Re: [syzbot] [mm?] WARNING: bad unlock balance in do_wp_page

From: Andrew Morton

Date: Sun Apr 26 2026 - 13:55:40 EST

On Sun, 26 Apr 2026 23:57:42 +0800 Qi Zheng <qi.zheng@xxxxxxxxx> wrote:

> Hi Andrew,
>
> On 4/26/26 6:49 PM, Andrew Morton wrote:
> > On Sun, 26 Apr 2026 01:17:25 -0700 syzbot <syzbot+7d60b33a8a546263da7c@xxxxxxxxxxxxxxxxxxxxxxxxx> wrote:
> >
> >> Hello,
> >>
> >> syzbot found the following issue on:
> >>
> >> HEAD commit: 6596a02b2078 Merge tag 'drm-next-2026-04-22' of https://gi..
> >> git tree: upstream
> >> console output: https://syzkaller.appspot.com/x/log.txt?x=12483702580000
> >> kernel config: https://syzkaller.appspot.com/x/.config?x=24c8da4692f901cb
> >> dashboard link: https://syzkaller.appspot.com/bug?extid=7d60b33a8a546263da7c
> >> compiler: gcc (Debian 14.2.0-19) 14.2.0, GNU ld (GNU Binutils for Debian) 2.44
> >> userspace arch: i386
> >>
> >> Unfortunately, I don't have any reproducer for this issue yet.
> >
> > argh, that dreaded sentence.
> >
> > Thanks.
> >
> > Something's definitely amiss. This is at least the fifth report of
> > rcu_read_lock() imbalance post-7.0. Others:
> >
> > https://lore.kernel.org/69eab803.a00a0220.17a17.004a.GAE@xxxxxxxxxx
> > https://lore.kernel.org/69eab803.a00a0220.17a17.004b.GAE@xxxxxxxxxx
> > https://lore.kernel.org/69eafb0e.a00a0220.9259.0031.GAE@xxxxxxxxxx
> > https://lore.kernel.org/69ebcbe2.a00a0220.7773.0005.GAE@xxxxxxxxxx
>
> All the kernel configs mentioned above include 'CONFIG_MEMCG_V1=y'.
>
> Theoretically, a rebind_subsystems() can lead a rcu unbalance, see my
> previous discussion with Shakeel for details:
>
> https://lore.kernel.org/all/358c60e1-fa91-40a1-9e00-84c93340c04e@xxxxxxxxx/

Right, that looks similar.

The rcu locking under lruvec_stat_mod_folio() is very simple, and that
return in get_non_dying_memcg_end() does look super suspicious. Why
does it omit the unlock?

otoh, in
https://lore.kernel.org/all/69eafb0e.a00a0220.9259.0031.GAE@xxxxxxxxxx/
we're trying to release an rcu_read_lock() which isn't presently held.
But if cgroup_subsys_on_dfl() were to become false between the
get_non_dying_memcg_start/end pair, that's what would happen.

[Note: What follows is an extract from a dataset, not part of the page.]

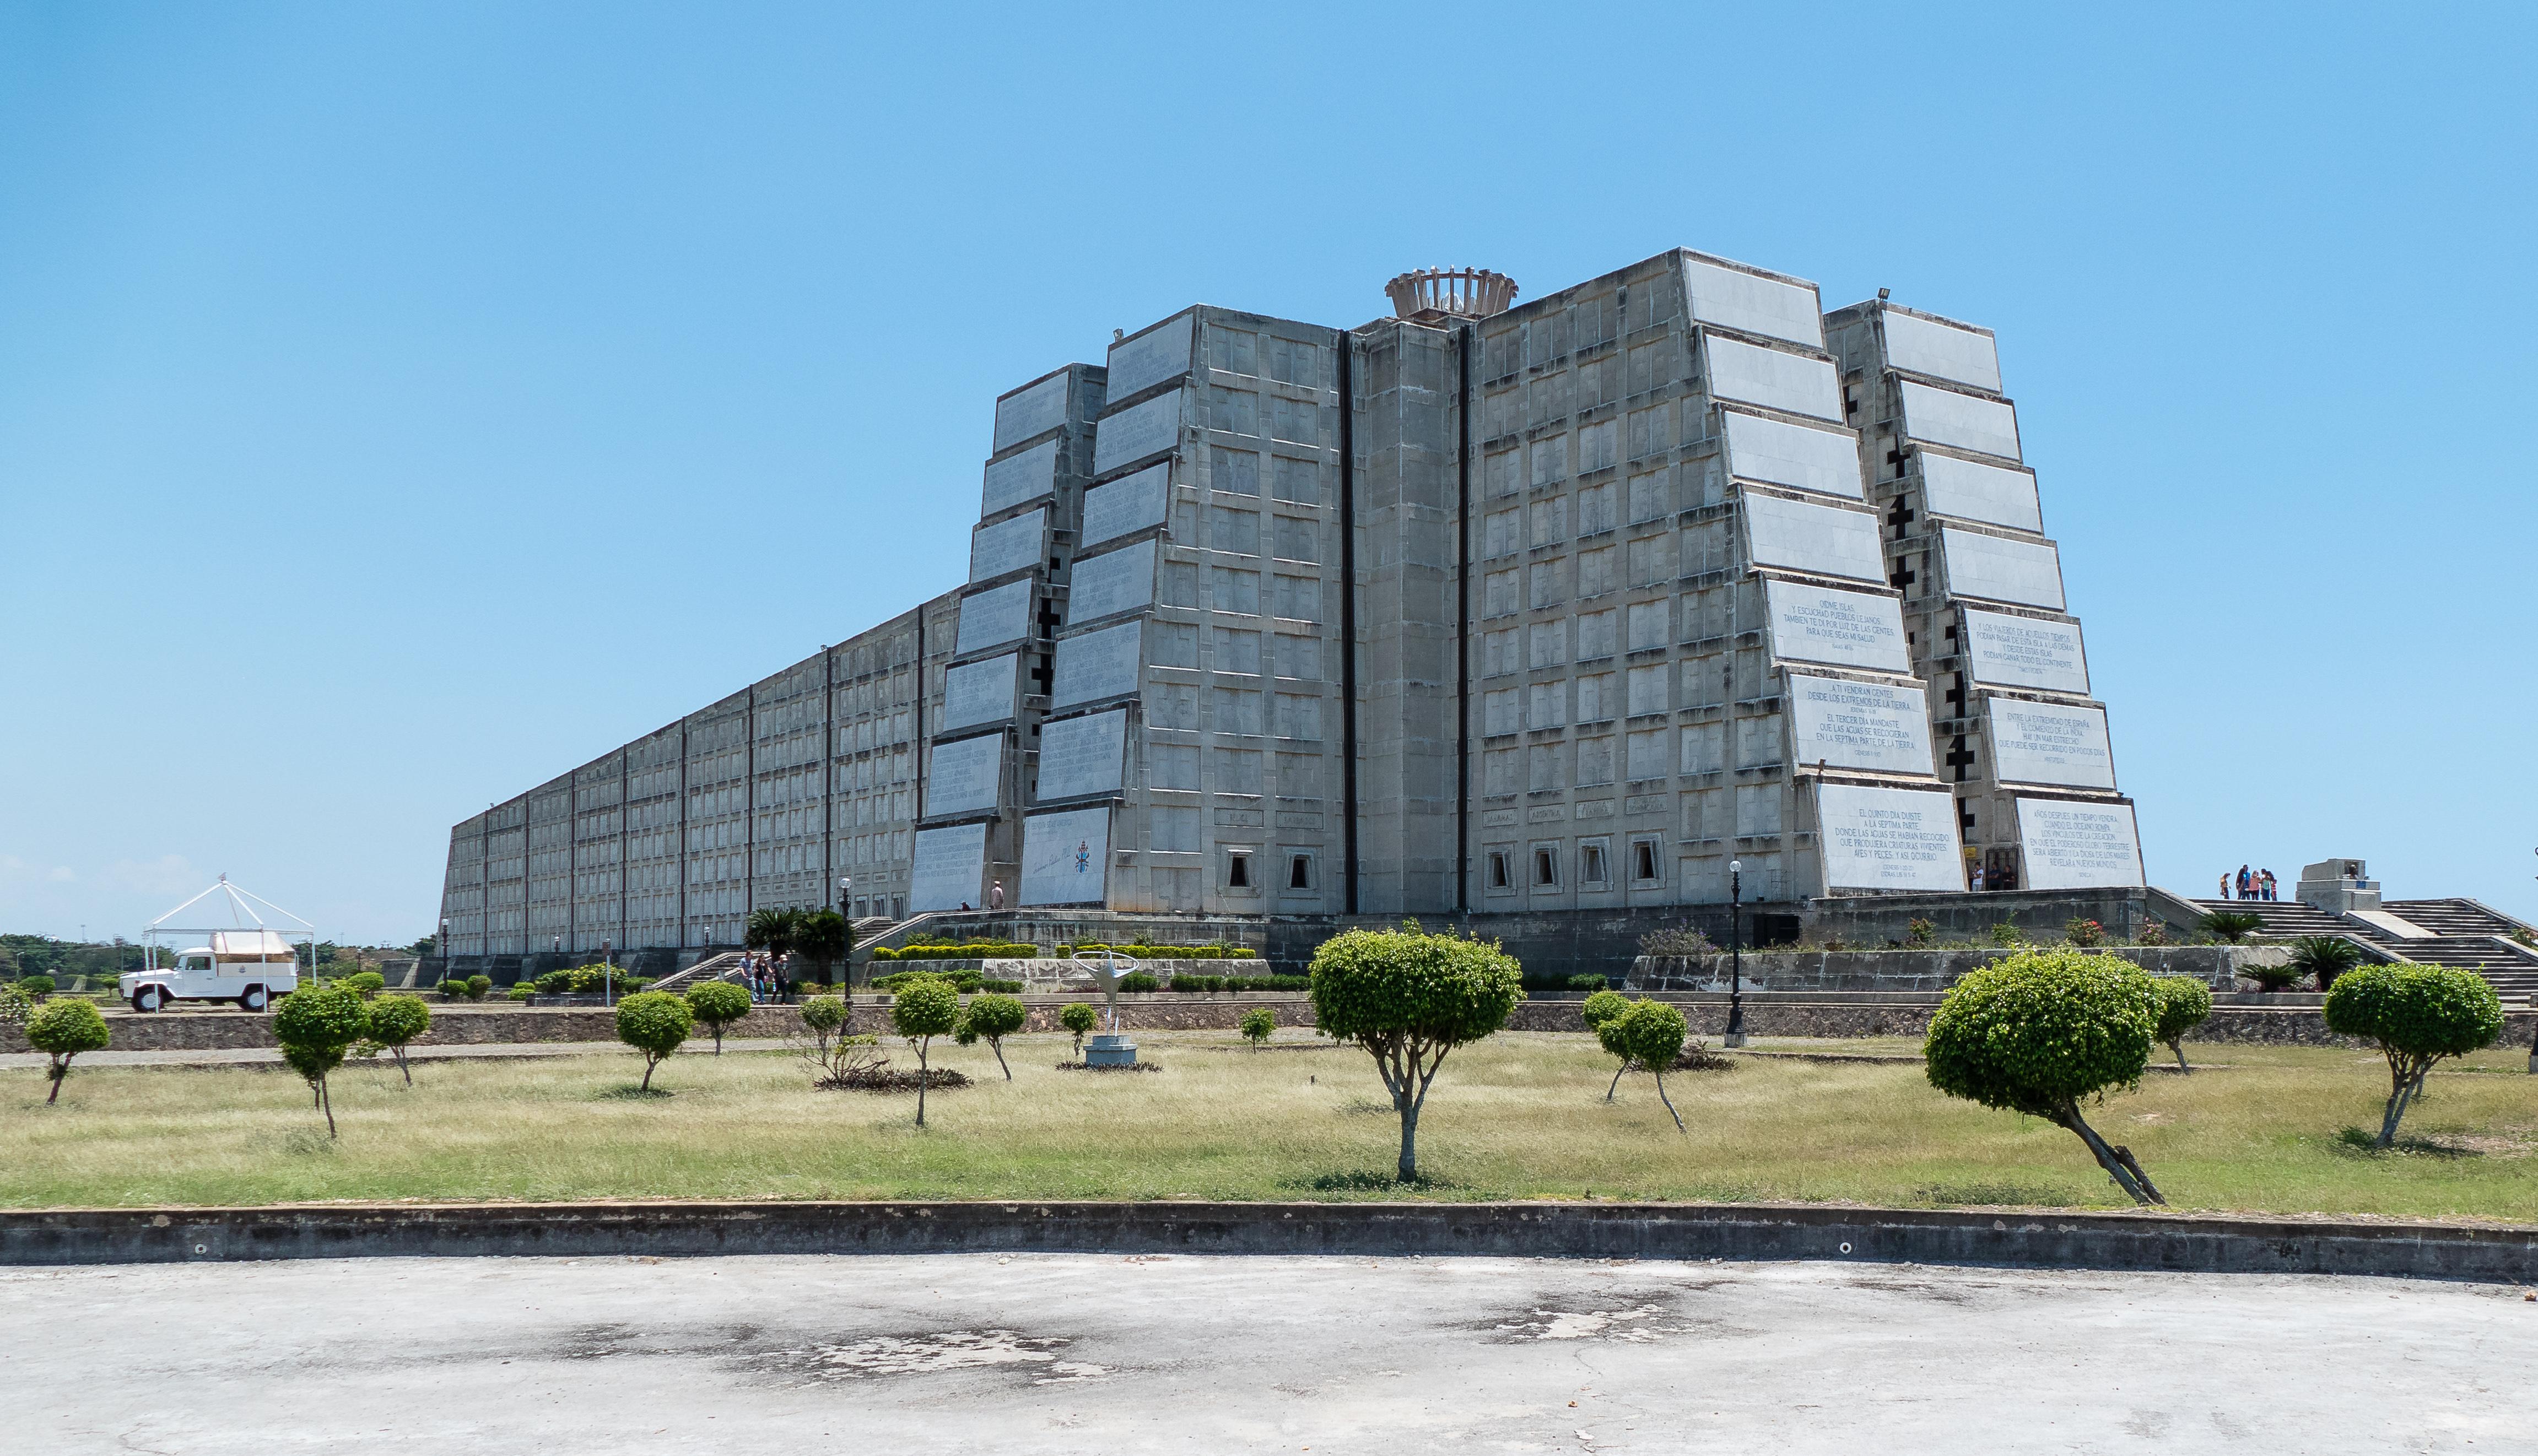 File:Santo Domingo.El Faro a Colón.20170402.jpg - Wikimedia Commons

So yup, I agree, concurrent rebind_subsystems() activity could cause
all of this. The reports are pretty common - is there some debugging
patch we can temporarily add to confirm this theory? And/or is it
possible to cook up a selftest which will trigger this?

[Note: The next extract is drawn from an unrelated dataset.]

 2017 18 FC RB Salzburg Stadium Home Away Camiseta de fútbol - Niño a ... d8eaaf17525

> However, in a production environment, this is practically impossible.

Can you expand on this?

sysbot isn't a production environment ;)

> So Shakeel and I chose to wait for a reproducer at the time. :(
>
> >
> > In some cases we released it too often, in other cases we failed to
> > release it.
> >
> > The first one is slightly more useful in that it tells us that the
> > not-released rcu_read_lock() was taken in folio_lruvec_lock_irqsave().
>
> I double-checked some callers of folio_lruvec_lock_irqsave() (such as
> folios_put_refs()), but didn't find anything suspicious. :(

Right - it's rare and smells of a race condition.